Soc_2014_viewport_fx will allow us to switch to new or mobile versions of OpenGL without fuss, as well as bring the experience of high-quality rendering, which are required in modern versions of OpenGL, in which all rendering goes through Vertex Buffer Objects. It will also remove the GLU dependency, since this library uses the obsolete OpenGL features.
In addition, it will give impetus to such things and functions that can only be displayed by shaders. This is important if we move to a modern or mobile version of OpenGL at some point.
So this will mostly help with 1st and 4th goals, but more work will need to be done after the merger to realize these goals in full.
At what point, if we want support for modern or mobile versions of OpenGL, we will not be able to avoid having to rewrite most of the real-time rendering code. In this development branch we have already partially taken care of this, so the branch must be introduced and used (in fact, merging is the very first step).
In my estimation, based on previous experiments on merging branches, this should take about 2-3 weeks of hard work.
Yes we can. Goals such as material based on nodes or copying simply assume support for GLSL, which is already fully implemented in the mainline, so nothing prevents their development. However, the earlier we add the Soc_2014_viewport_fx branch, the less we will have problems in the future.
Display modes become a bit unpredictable when using materials limited by properties such as specular / diffuse / textured. They are also tied to the structure of polygons, which will become less significant if we use the mapping based on the properties of materials. Artists often set up a different number of properties of objects and materials in order to visually get what they need, which is also sometimes a painful process and, of course, does not suit beginners. We need a tool that artists can easily work with, who can quickly visualize what they want without torment and divination in search of how to visualize it better.
Different workflows require different data and different displays. We can define “workflows” with sets of shaders and display options created specifically for this workflow. For example, the desktop mode in edit mode will have basic diffuse and specular shaders with various grid display options.

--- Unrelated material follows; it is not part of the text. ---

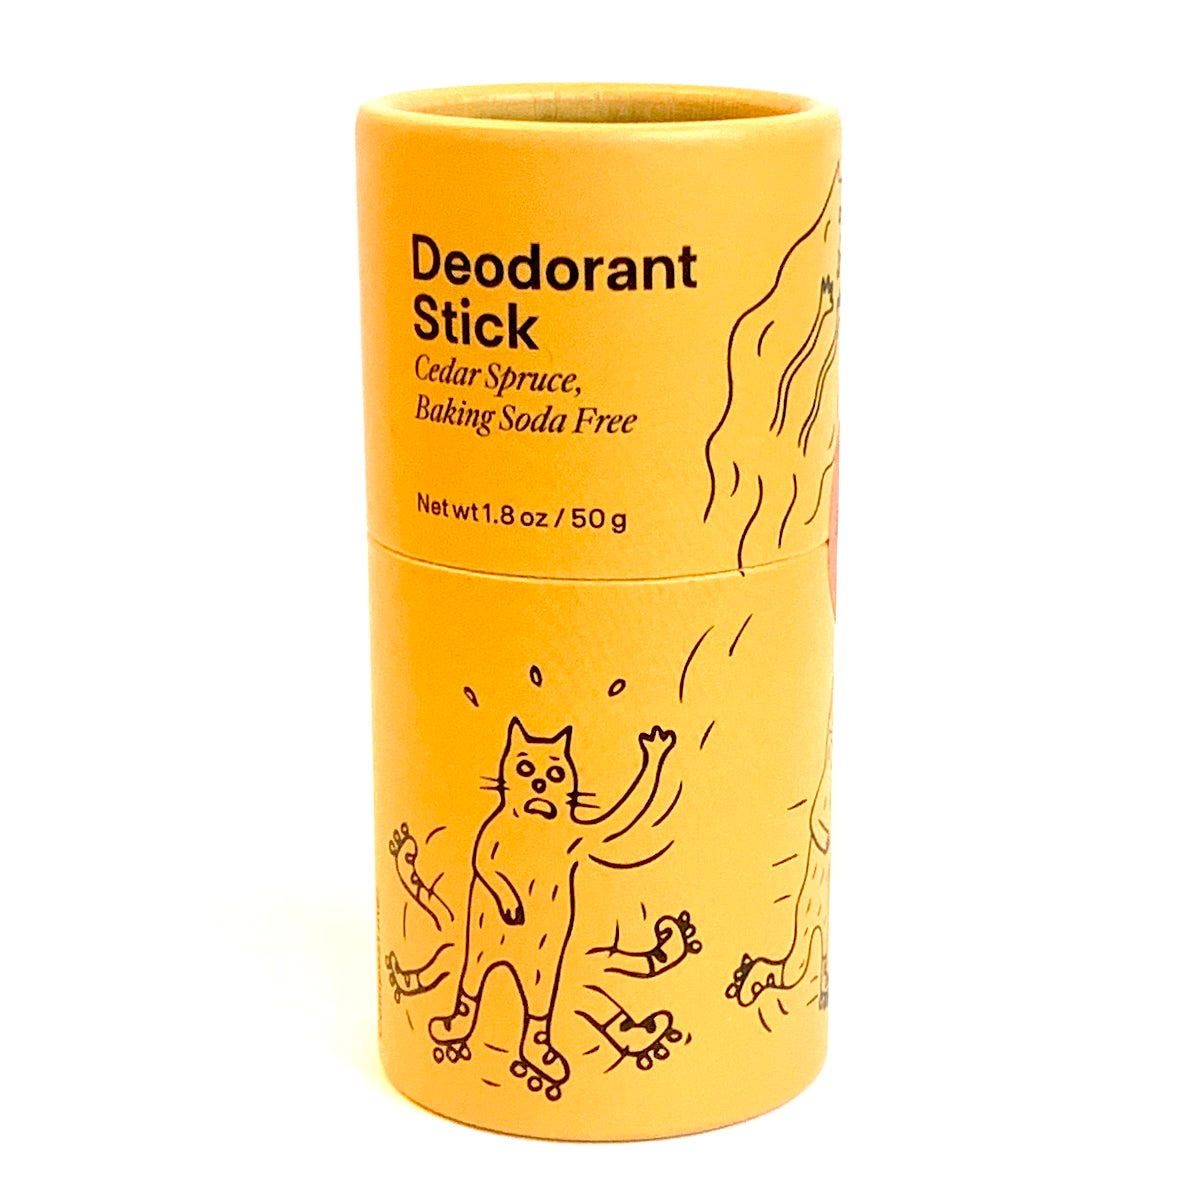 Compostable Deodorant Stick - Cedar Spruce

And, for example, a simple grid display with volumetric transparency is more suitable for the retopology mode. To customize materials or texture painting, users may want a full final picture or a non-kernel version for detailed settings.
The “Debug” mode is intended to visually show the user the problem areas in the scene. For example, the calculation of dependencies or the number of polygons, or even some parameters for developers.

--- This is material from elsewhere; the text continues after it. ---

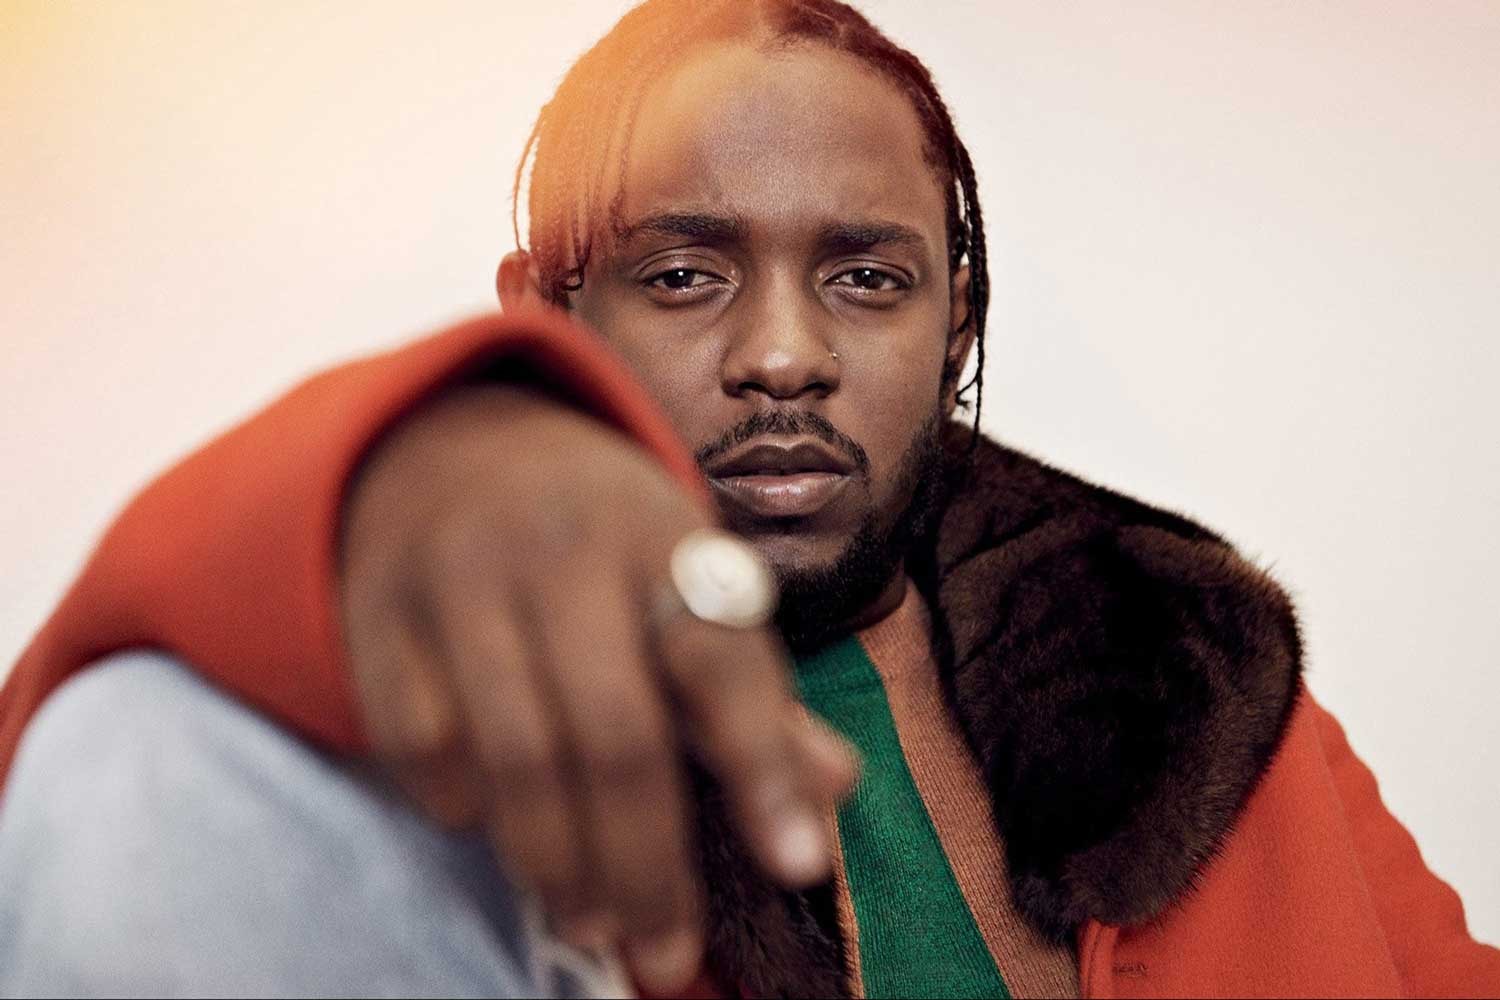 ヒップホップ界のカリスマ Kendrick Lamar の半生に迫った伝記文学の製作が決定

Easy to switch from one to another, easy setup or programming.
Using the workflow system, the user should see them as predictable as possible. Each worker thread may have settings for the shaders used, but you should not let these shaders change too much. The interface of the nodes will allow you to request data from the blender to write them to their shaders, in order to present the data as the user wants.
With the possibilities offered by modern shaders, we aim to add to the blender another render using OpenGL (after Internal and Cycles), which could use all the capabilities of modern GPUs, and given that it will be realtime, it could be an alternative existing renders. Many components are already there, but we can go even further by optimizing the implementation of shaders, especially for real-time rendering, instead of trying to emulate existing renderers.
We need to be sure that the materials will look decent, so we are studying modern rendering methods, such as physically based shading (the patch from Clement Foucault, using data from the Unreal Engine 4, is almost turned on) and deferred rendering.
I must say that it also improves the preview of materials for Internal and Cycles.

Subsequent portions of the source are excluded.